Award-winning author Amy Irvine was named the next Kittredge Distinguished Visiting Writer at UM. (Photo by Susie Grant)

Amy Irvine poses with her book Desert Cabal.MISSOULA – Amy Irvine, winner of the Orion Book Award, will serve as the 2024 Kittredge Distinguished Visiting Writer in Environmental Studies at the University of Montana.

Her nonfiction book, “Desert Cabal,” is a fierce and provocative, feminist response to Edward Abbey’s “Desert Solitaire,” the canonical book about the American desert.

On the occasion of the 50th anniversary of its publication, Irvine names and questions the “lone male narrative” – white and privileged as it is – that still has its boots planted firmly at the center of today’s wilderness movement, even as she celebrates the lens through which Abbey taught so many to love the wild remains of the nation.

“The natural world is changing at breakneck speed,” said Irvine. “The human IQ is in measurable decline. So what stories do we tell now? How do we tell them – and to whom? More than ever, writers are tasked with rousing readers from profound levels of intellectual, emotional, spiritual and physical lethargy – the heft of this task can overwhelm.”

“Irvine is asking all the right questions,” said Mark Sundeen, UM assistant professor of Environmental Studies. “Finally someone has the guts to wrassle Abbey off the pedestal back down to the red dirt where he belongs.
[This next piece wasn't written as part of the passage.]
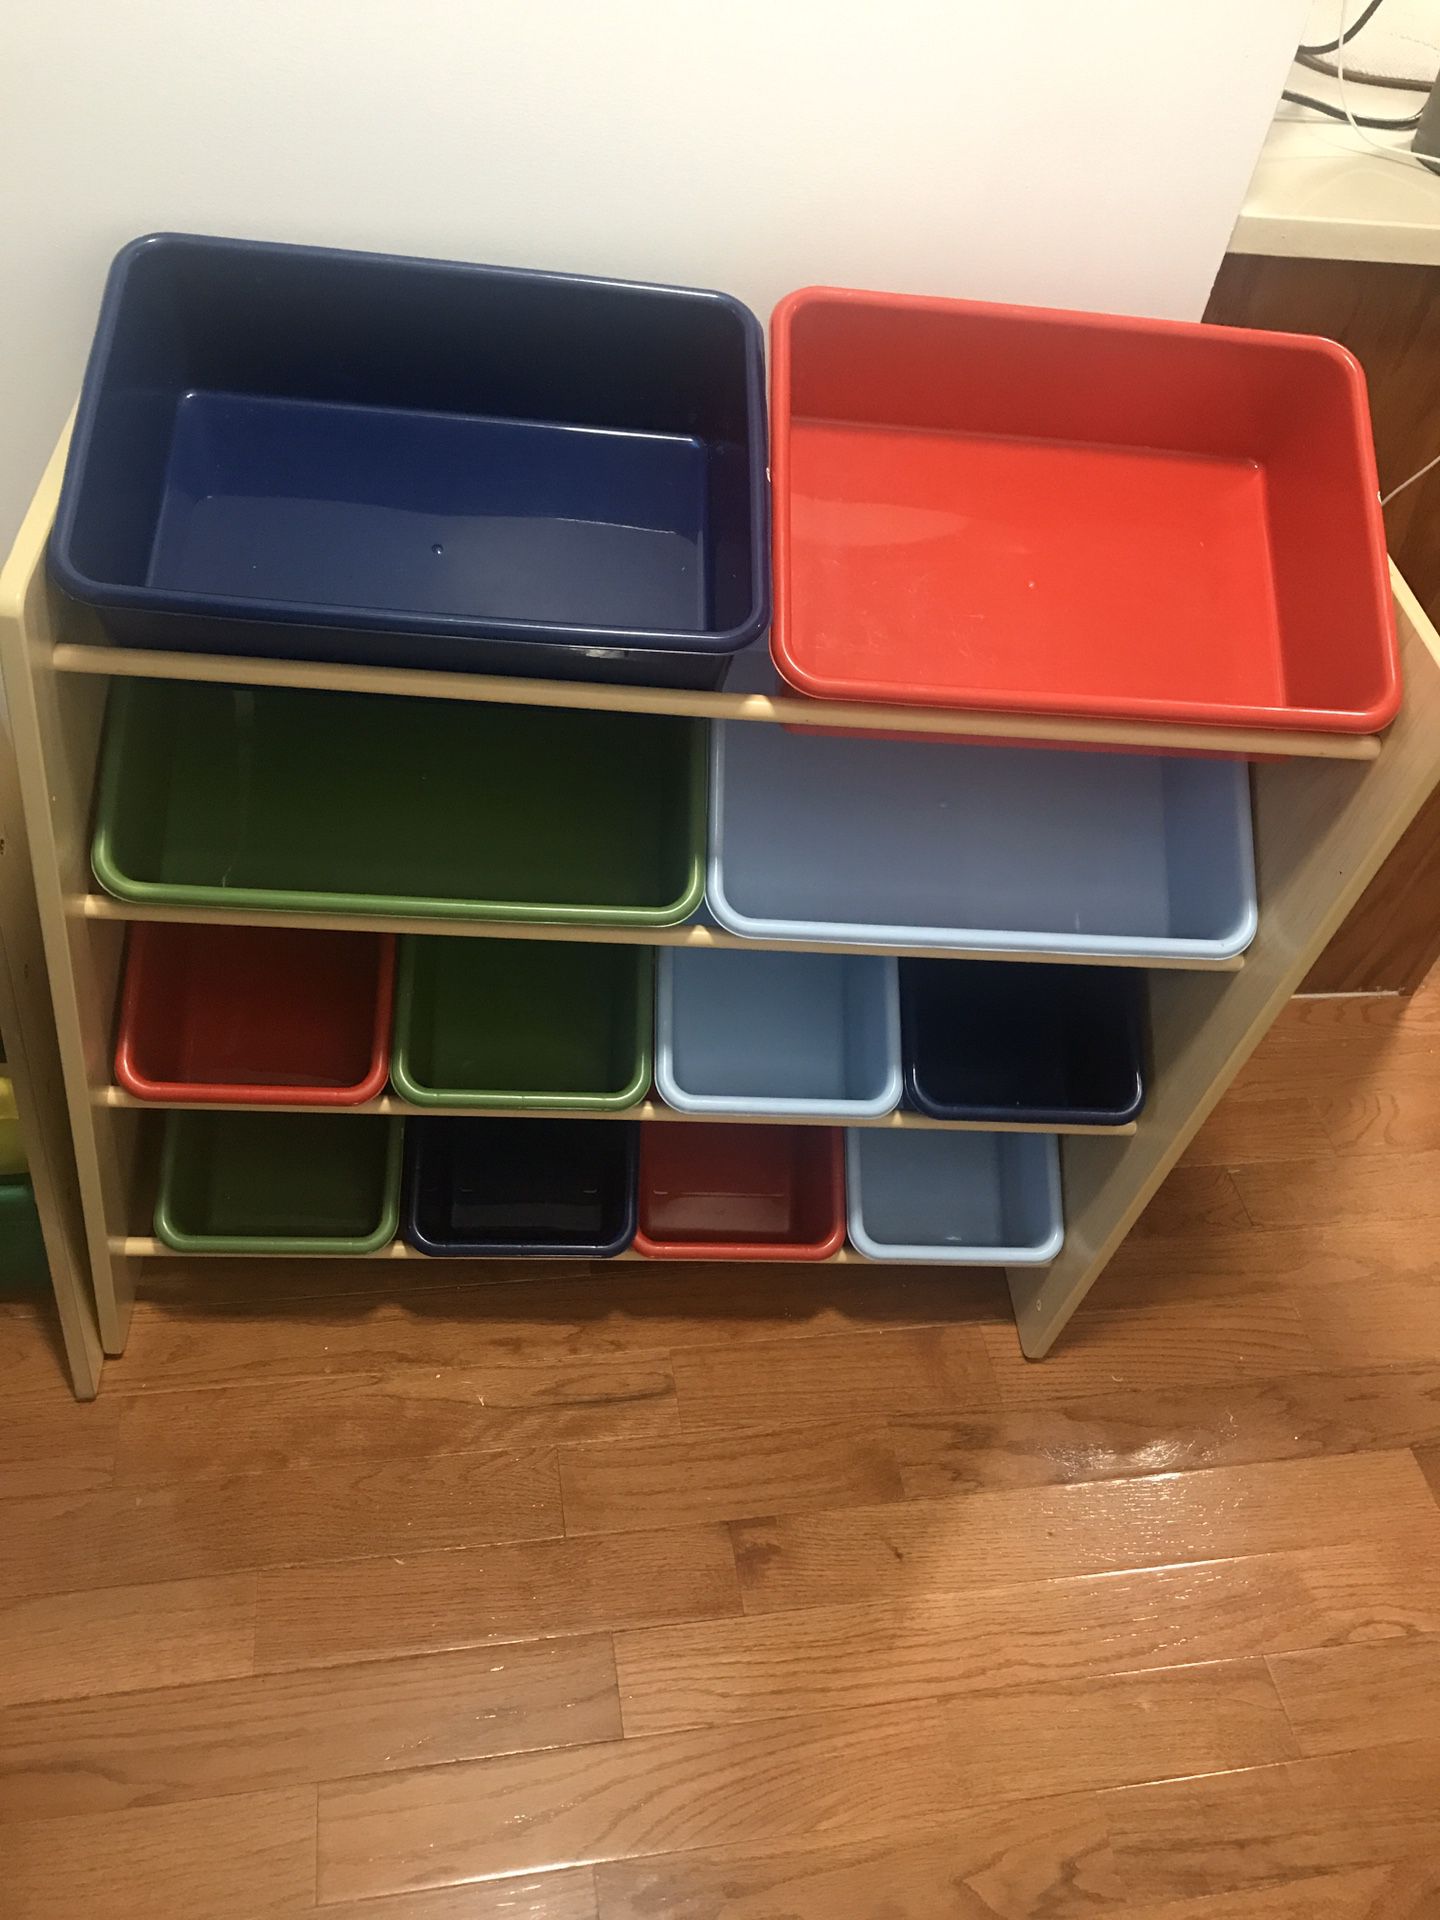 Kids toy shelf and organizer

Her combination of memoir, criticism and reportage breathes new life into writing about the natural world.”

At UM, Irvine will teach a graduate workshop in environmental writing next spring.

“To teach writing in this moment that too often feels apocalyptic but also brims with wondrous possibility – and to teach it in a program I’ve long admired – is both an honor and act of devotion,” she said.

From Norwood, Colorado, Irvine is author of two memoirs: “Trespass,” which won the 2009 Orion Book Award, and “Almost Animal,” a widely anticipated story about motherhood and the climate crisis to be published by Spiegel and Grau in 2024.

Her nonfiction has appeared in Orion, Outside, High Country News, and Best American Science and Nature Writing. She has taught at the MountainView MFA program, Fishtrap, Orion Writing Workshops and many other venues.

Previous Kittredge Distinguished Visiting Writers in Environmental Studies include Terry Tempest Williams, Rebecca Solnit, Craig Childs and, most recently, Sierra Crane Murdoch.